# Set the seed for reproducibility
set.seed(42)
# Define the sample size
n <- 10000
# Create predictor variables
X1 <- rnorm(n)
X2 <- X1 + rnorm(n, sd = 0.5)
X3 <- -2 * X1 + X2 + rnorm(n, sd = 0.5)
# Create outcome variable
Y <- 3 * X1 + 2 * X3 + rnorm(n, sd = 1)
# Model 1: Y ~ X1
model1 <- lm(Y ~ X1)
cat("--- Model 1: Y ~ X1 ---\n")
## --- Model 1: Y ~ X1 ---
summary(model1)
##
## Call:
## lm(formula = Y ~ X1)
##
## Residuals:
## Min 1Q Median 3Q Max
## -7.4359 -1.1885 0.0037 1.1792 6.0775
##
## Coefficients:
## Estimate Std. Error t value Pr(>|t|)
## (Intercept) 0.006848 0.017520 0.391 0.696
## X1 0.994802 0.017413 57.130 <2e-16 ***
## ---
## Signif. codes: 0 '***' 0.001 '**' 0.01 '*' 0.05 '.' 0.1 ' ' 1
##
## Residual standard error: 1.752 on 9998 degrees of freedom
## Multiple R-squared: 0.2461, Adjusted R-squared: 0.246
## F-statistic: 3264 on 1 and 9998 DF, p-value: < 2.2e-16
# Model 2: Y ~ X1 + X2
model2 <- lm(Y ~ X1 + X2)
cat("--- Model 2: Y ~ X1 + X2 ---\n")
## --- Model 2: Y ~ X1 + X2 ---
summary(model2)
##
## Call:
## lm(formula = Y ~ X1 + X2)
##
## Residuals:
## Min 1Q Median 3Q Max
## -5.5865 -0.9641 -0.0003 0.9678 5.6430
##
## Coefficients:
## Estimate Std. Error t value Pr(>|t|)
## (Intercept) 0.006103 0.014242 0.429 0.668
## X1 -1.022905 0.031520 -32.452 <2e-16 ***
## X2 2.025091 0.028266 71.643 <2e-16 ***
## ---
## Signif. codes: 0 '***' 0.001 '**' 0.01 '*' 0.05 '.' 0.1 ' ' 1
##
## Residual standard error: 1.424 on 9997 degrees of freedom
## Multiple R-squared: 0.5019, Adjusted R-squared: 0.5018
## F-statistic: 5036 on 2 and 9997 DF, p-value: < 2.2e-16
# Model 3: Y ~ X1 + X2 + X3
model3 <- lm(Y ~ X1 + X2 + X3)
cat("--- Model 3: Y ~ X1 + X2 + X3 ---\n")

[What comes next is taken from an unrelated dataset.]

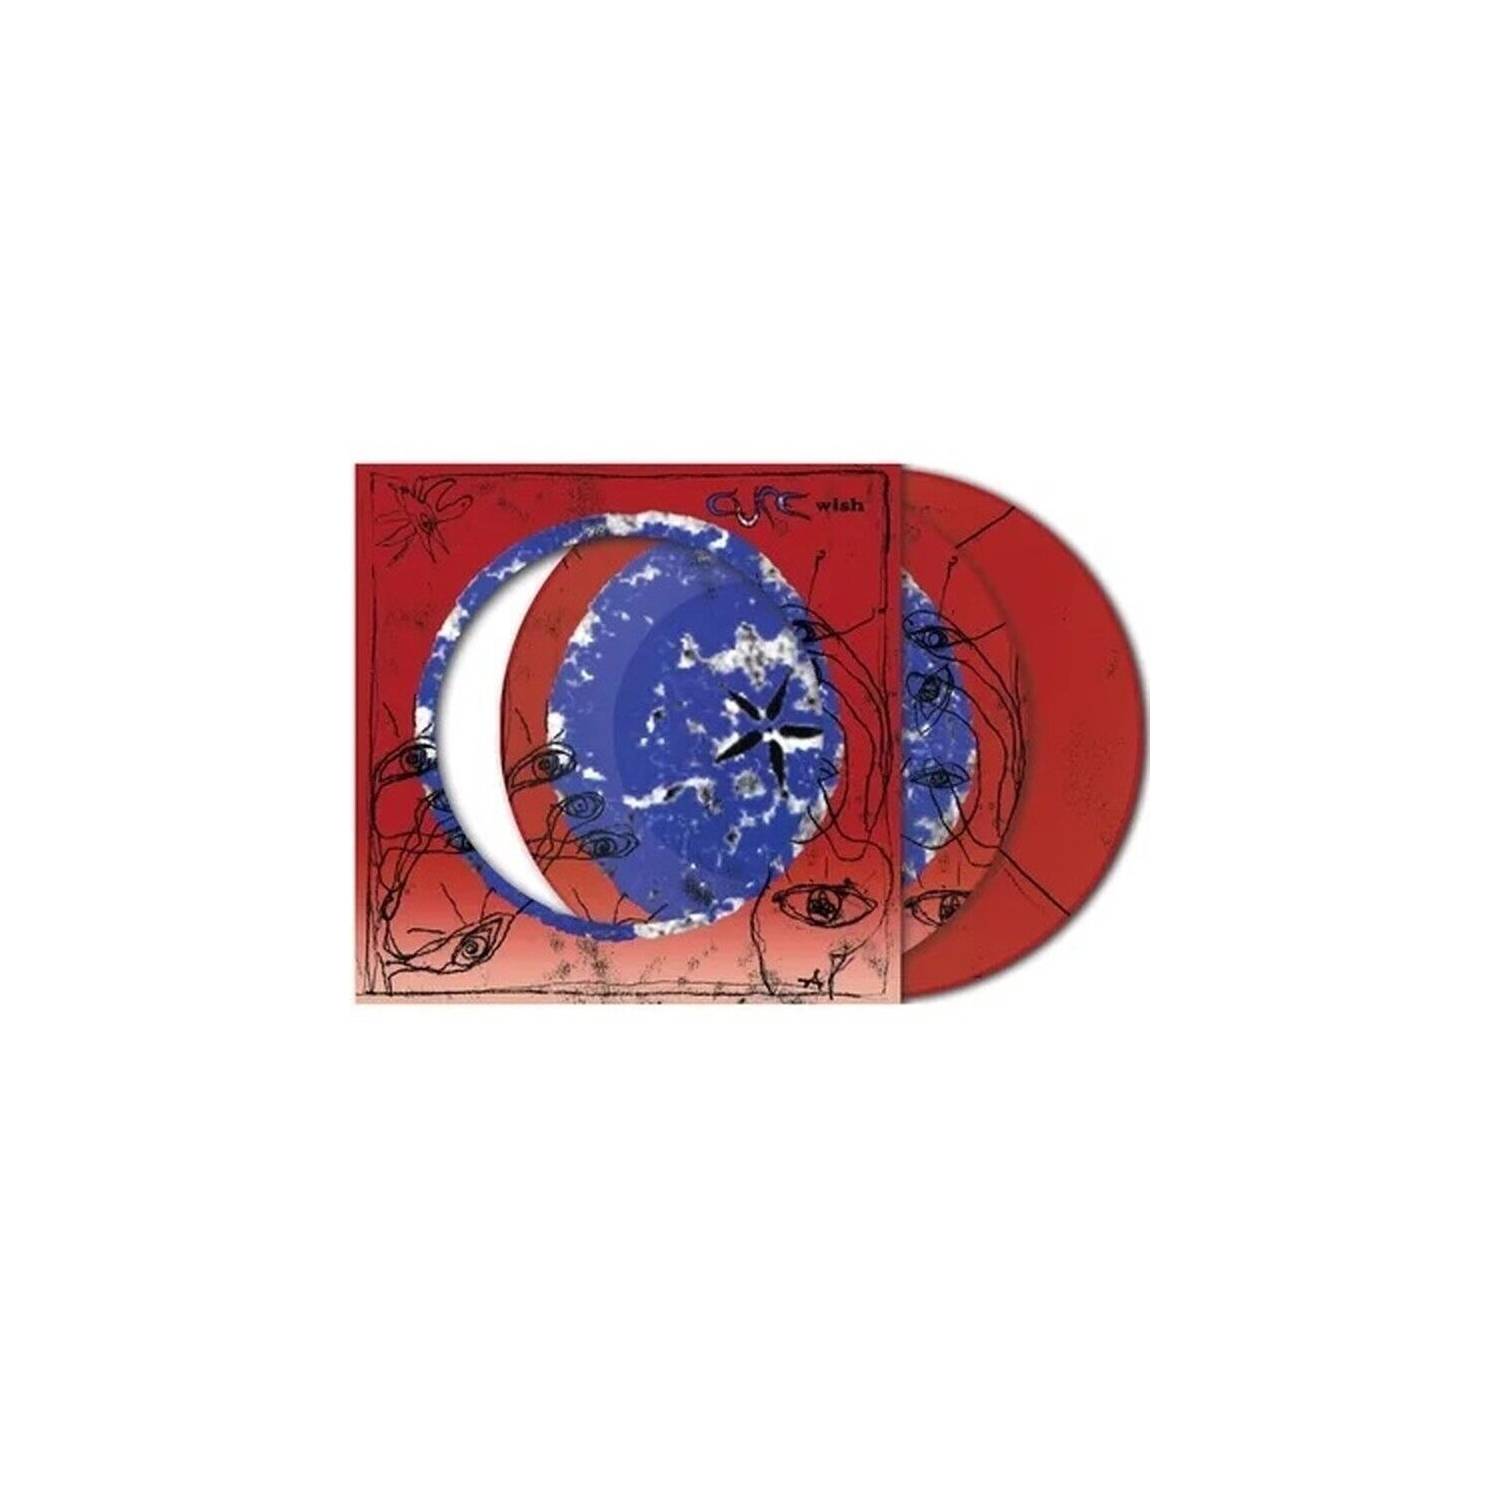 Elektra Records The Cure Wish 30TH Anniversary Edition RSD Vinilo

## --- Model 3: Y ~ X1 + X2 + X3 ---
summary(model3)
##
## Call:
## lm(formula = Y ~ X1 + X2 + X3)
##
## Residuals:
## Min 1Q Median 3Q Max
## -3.6517 -0.6830 0.0128 0.6771 3.8700
##
## Coefficients:
## Estimate Std. Error t value Pr(>|t|)
## (Intercept) -0.001927 0.010089 -0.191 0.849
## X1 2.962148 0.045803 64.672 <2e-16 ***
## X2 0.021449 0.028376 0.756 0.450
## X3 1.982808 0.019899 99.644 <2e-16 ***
## ---
## Signif. codes: 0 '***' 0.001 '**' 0.01 '*' 0.05 '.' 0.1 ' ' 1
##
## Residual standard error: 1.009 on 9996 degrees of freedom
## Multiple R-squared: 0.7501, Adjusted R-squared: 0.75
## F-statistic: 1e+04 on 3 and 9996 DF, p-value: < 2.2e-16
The example shows omitted variable bias (OVB) caused by confounding. The coefficient of X₁ changes significantly (from +0.953 to −1.091 to +3.121), as simpler models capture the effects of omitted variables X₂ and X₃, which are correlated with both X₁ and Y. OVB occurs when relevant variables influencing Y and correlated with predictors are omitted. When X₂ and X₃ are included, the regression estimates the effect of each predictor on Y, holding others constant, which removes bias and stabilizes X₁’s coefficient. This explains the sign changes and more accurate partial effect.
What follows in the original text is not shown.